According to Vanity Fair, Biden White House Deputy Press Secretary TJ Ducklo had threatened Palmeri, telling her he would "destroy her" if she published a story about his relationship with Alexi McCammond, an NBC, MSNBC and Axios reporter. Ducklo during a phone call also reportedly made "derogatory and misogynistic comments" towards Palmeri and accused her of being "jealous" of his relationship with McCammond. On February 12, 2021, Ducklo was suspended without pay by the White House for one week. The following day, Ducklo resigned from his White House position over the matter.

In 2022, Palmeri joined the journalism startup Puck as a senior political columnist. At Puck, Palmeri broke the news that Nancy Pelosi would resign as Speaker of the House after the 2022 midterm elections.
She also hosted the election-themed podcast, “Somebody’s Gotta Win,” a collaboration between Puck and Spotify’s The Ringer.

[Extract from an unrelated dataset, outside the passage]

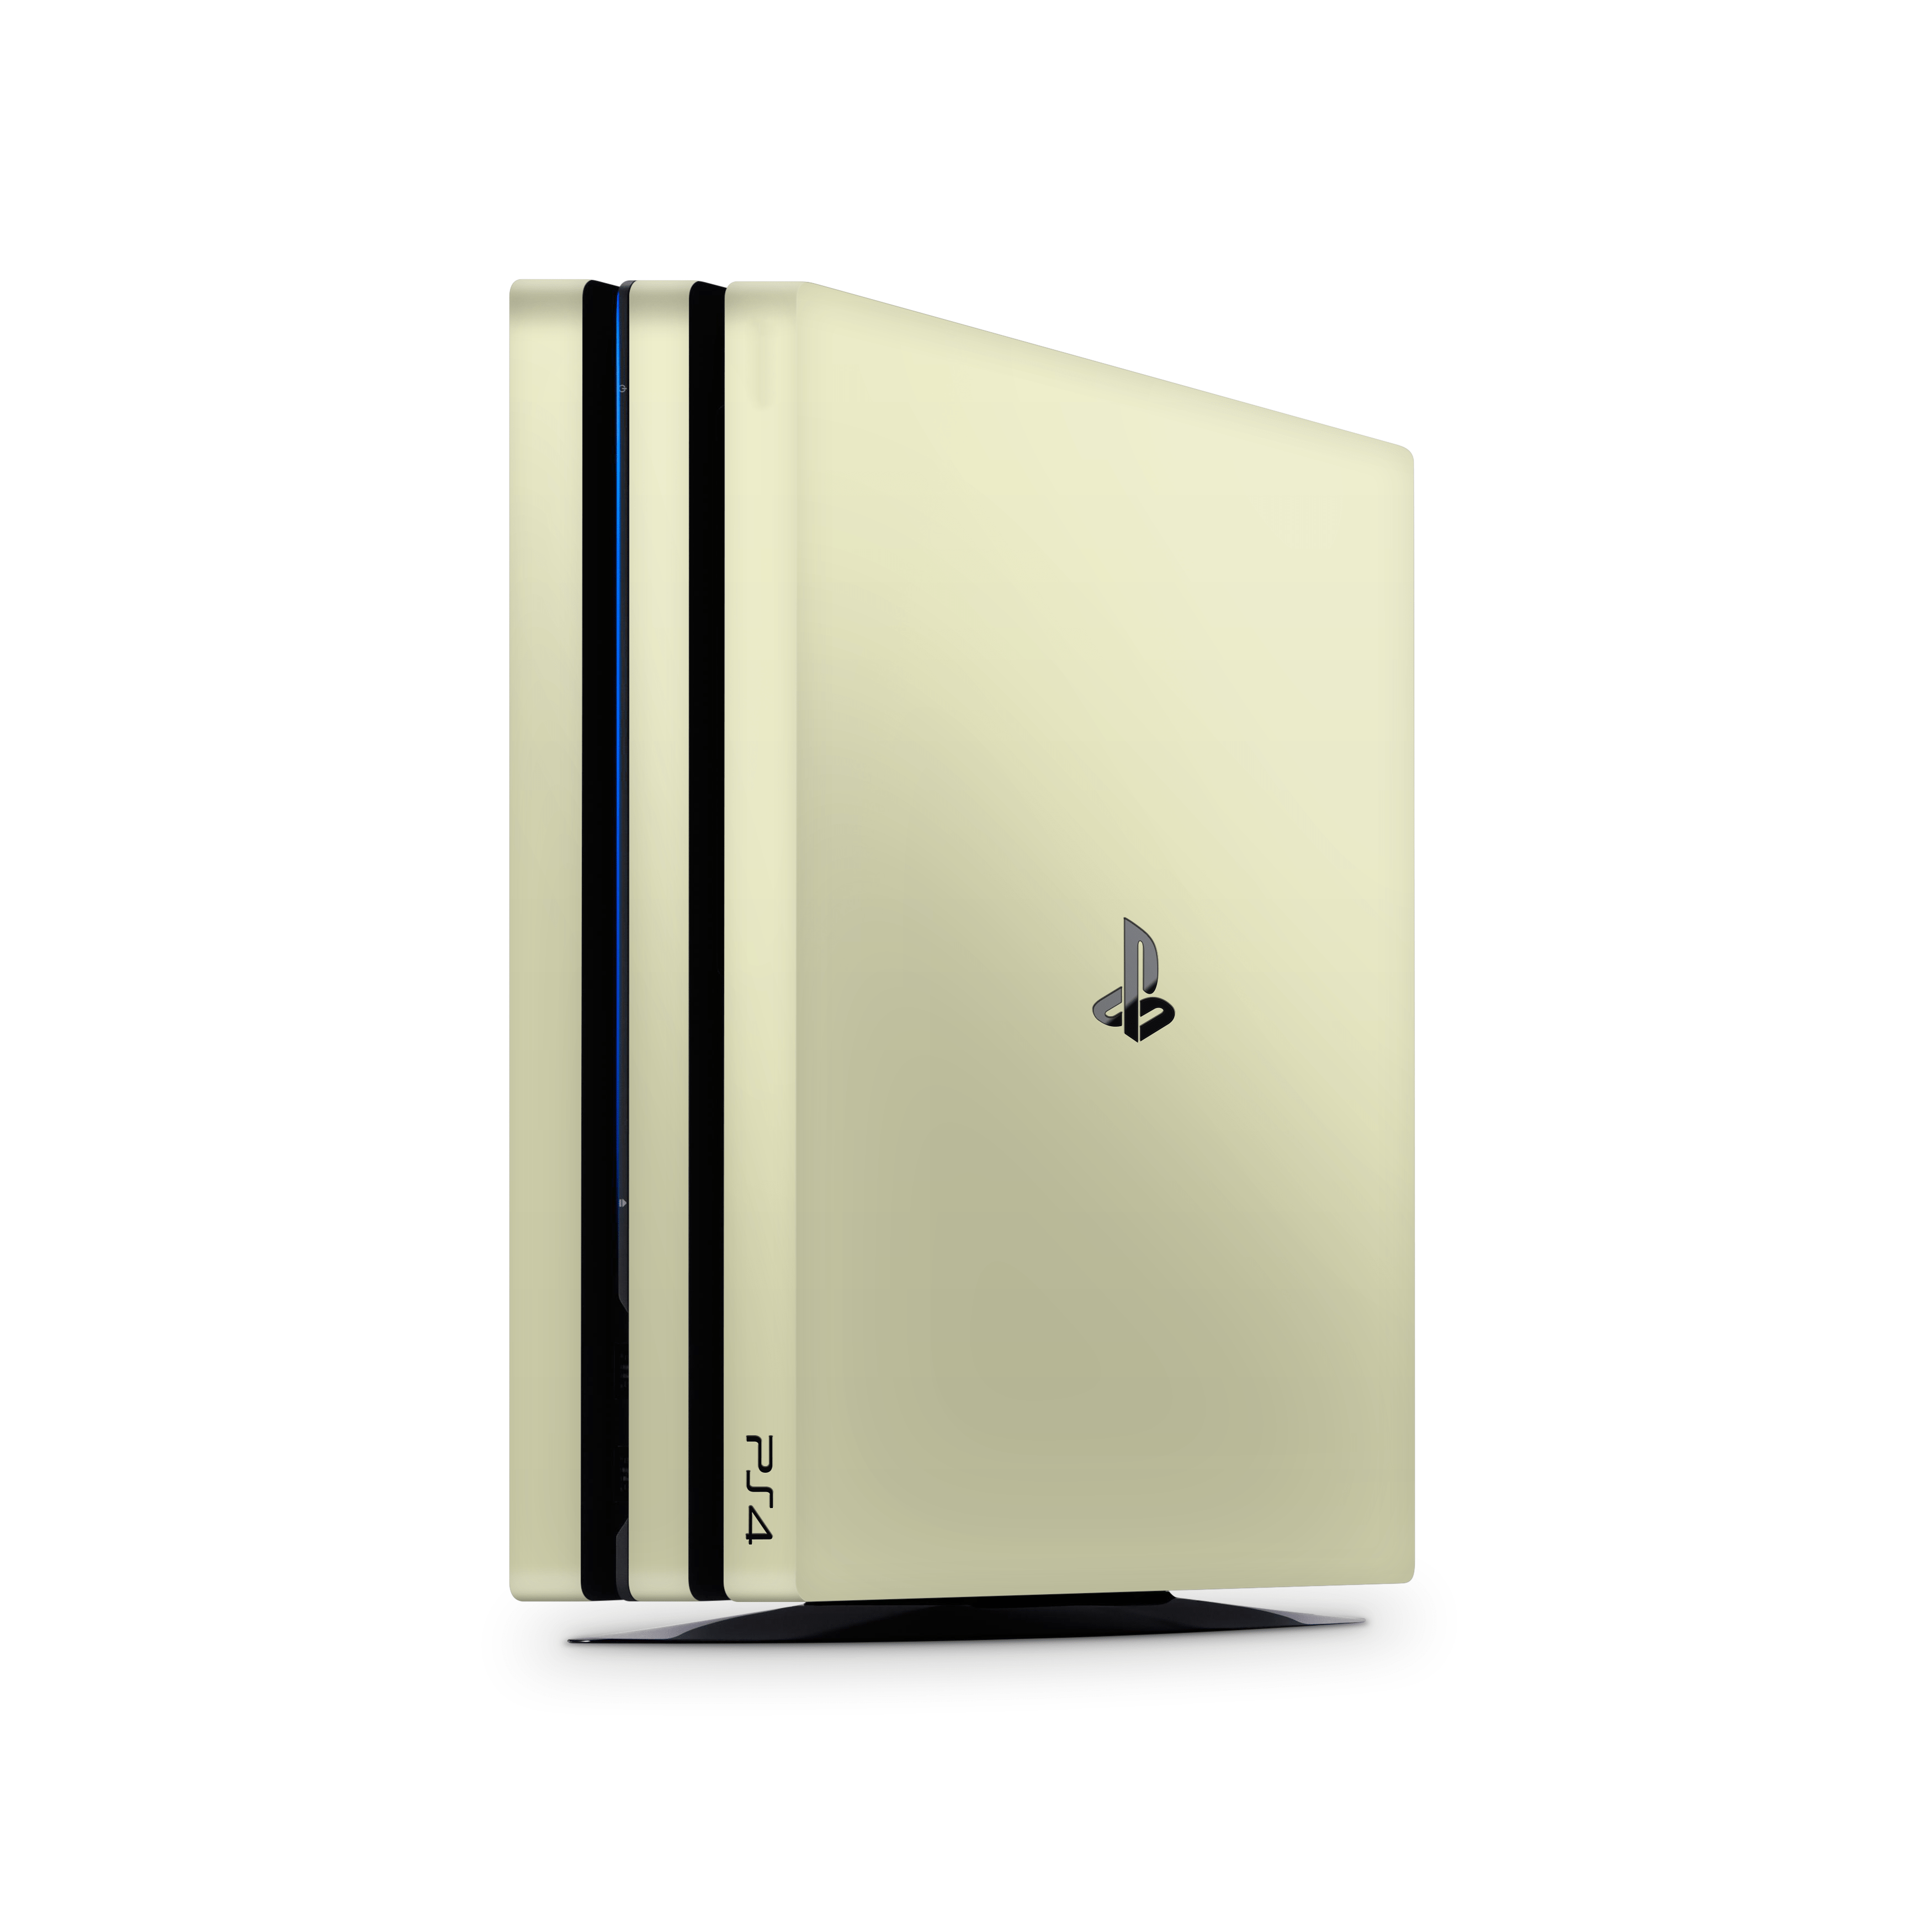 Eggy Yellow PS4 | PS4 Pro | PS4 Slim Skins

It ended in April 2025.

She left Puck in March 2025 to move to her YouTube channel. Palmeri has a newsletter called The Red Letter.

She was named to the Shorenstein Center on Media, Politics and Public Policy 2026–2027 class of fellows at the Harvard Kennedy School.

Palmeri is a Sine Faculty Fellow for Public Administration and Policy at American University.